In short, perhaps the major reason people in the ANC support Ramaphosa is because they need him to win elections.

Now that this superpower may have been penetrated, the kryptonite of these claims may well have a permanent effect.

Of course, Ramaphosa is aware of this. Presidential spokesperson Magwenya has started the response by asking why, if Fraser was part of the security cluster in 2020, did he not raise this with Ramaphosa then, but is only doing so now?

Of course, this points to the political motive. This may work against Fraser. But it won’t work against the amaBhungane report.

This entire issue also casts a light on the role of people in our intelligence services in politics. When Ramaphosa took over the presidency in 2018, he appointed Fraser as correctional services commissioner despite strong evidence in the public domain that he was corrupt.

In the Sunday Times, Makhudu Sefara has written an important piece about how presidents are often forced to “manage” spy bosses, and suggests this may also explain why David Mahlobo was retained as a deputy minister, despite his damaging role as state security minister during the Zuma era.

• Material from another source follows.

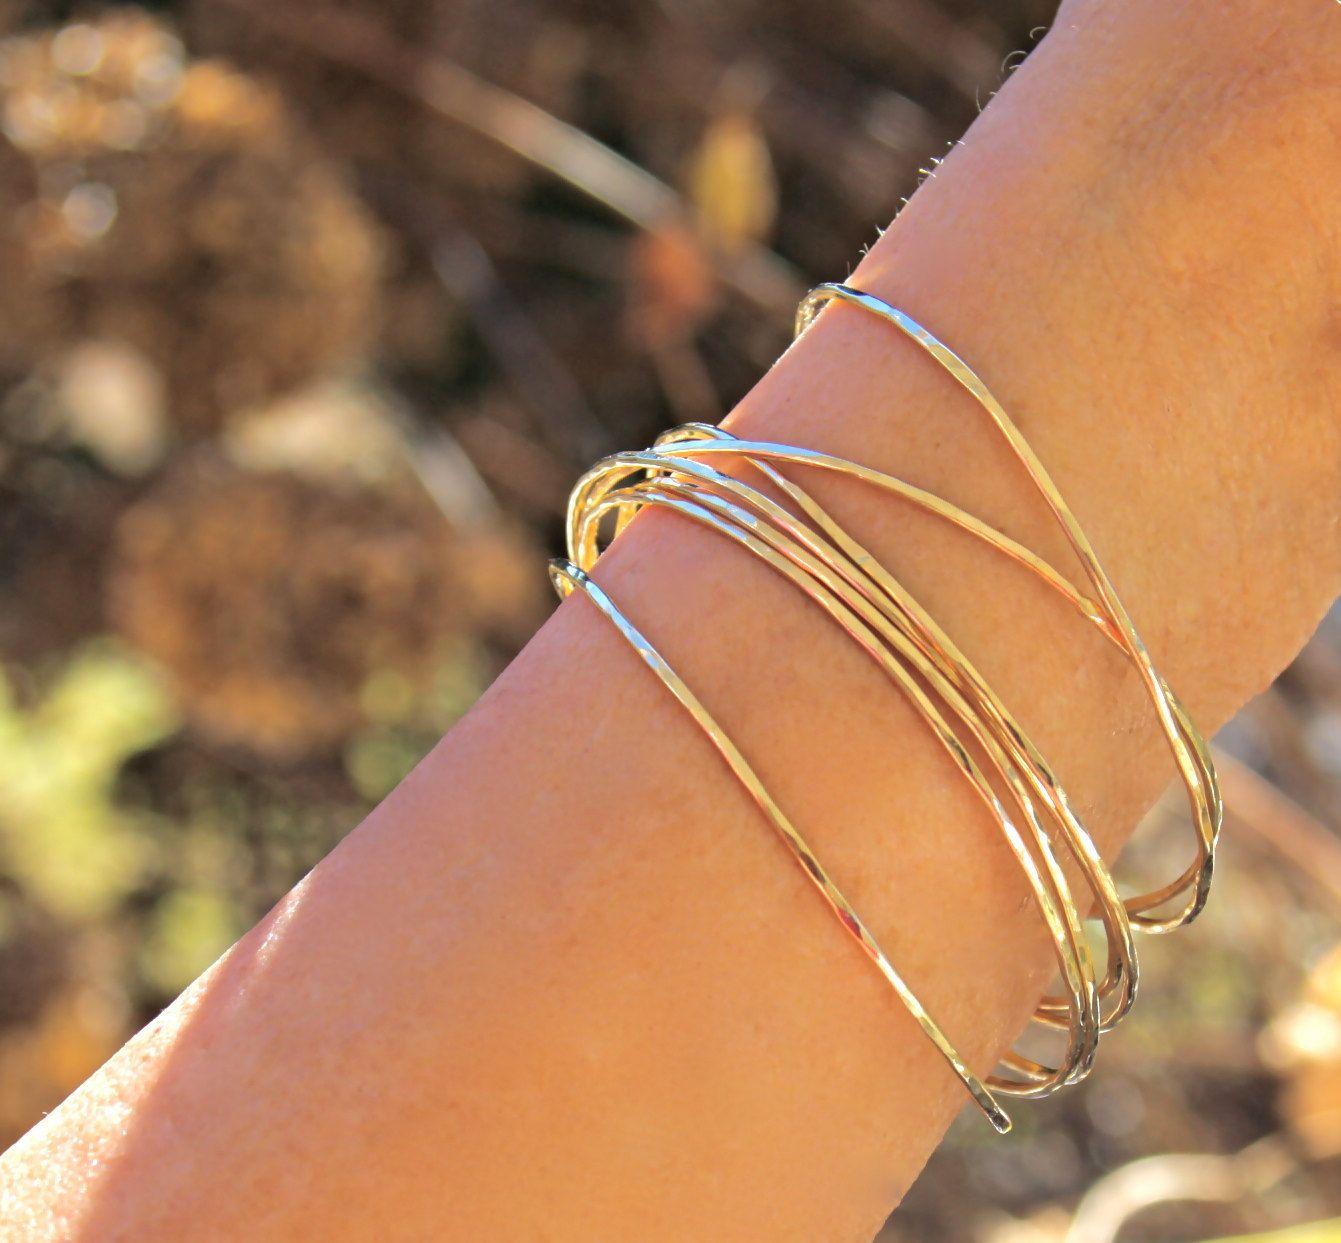 Bangle Solid 14k Gold Handmade Gold Bangle Bracelet Hammered

It is now guaranteed that Ramaphosa’s critics and opponents will line up to use this scandal-in-the-making against him.

The RET faction will claim he is not fit to be in the presidency, that he must “step aside”. There will be whispering campaigns and, possibly, a massive, energised and deliberate social media strategy to say he must go.

This will attack not just him, but his supporters and journalists perceived to be not critical enough of Ramaphosa; they will say anyone who criticised Zuma should now also demand Ramaphosa’s removal.

His supporters will argue that there is no other credible ANC leader, and that a big difference between Zuma and Ramaphosa is the people appointed to head institutions. That there can be no comparison between someone like Shamila Batohi and someone like Menzi Simelane at the NPA, or even between judge Raymond Zondo as chief justice and judge Mogoeng Mogoeng.

In the middle of all of this, truth has become a major casualty. It may become almost impossible to know what happened, and when. It will also weaken efforts to ensure our criminal justice system is actually independent.

However, while our criminal justice system and Ramaphosa may be important casualties in all of this, it may well turn out that the biggest loser will be the ANC.

Its claims to be in a process of “renewal”, or change, or reform, or “self-correction” are surely going to be dealt a massive blow.

If the ANC loses Ramaphosa, or if his image is seriously tarnished, it may well find it has no remaining leaders to be seen as credible by voters, come 2024.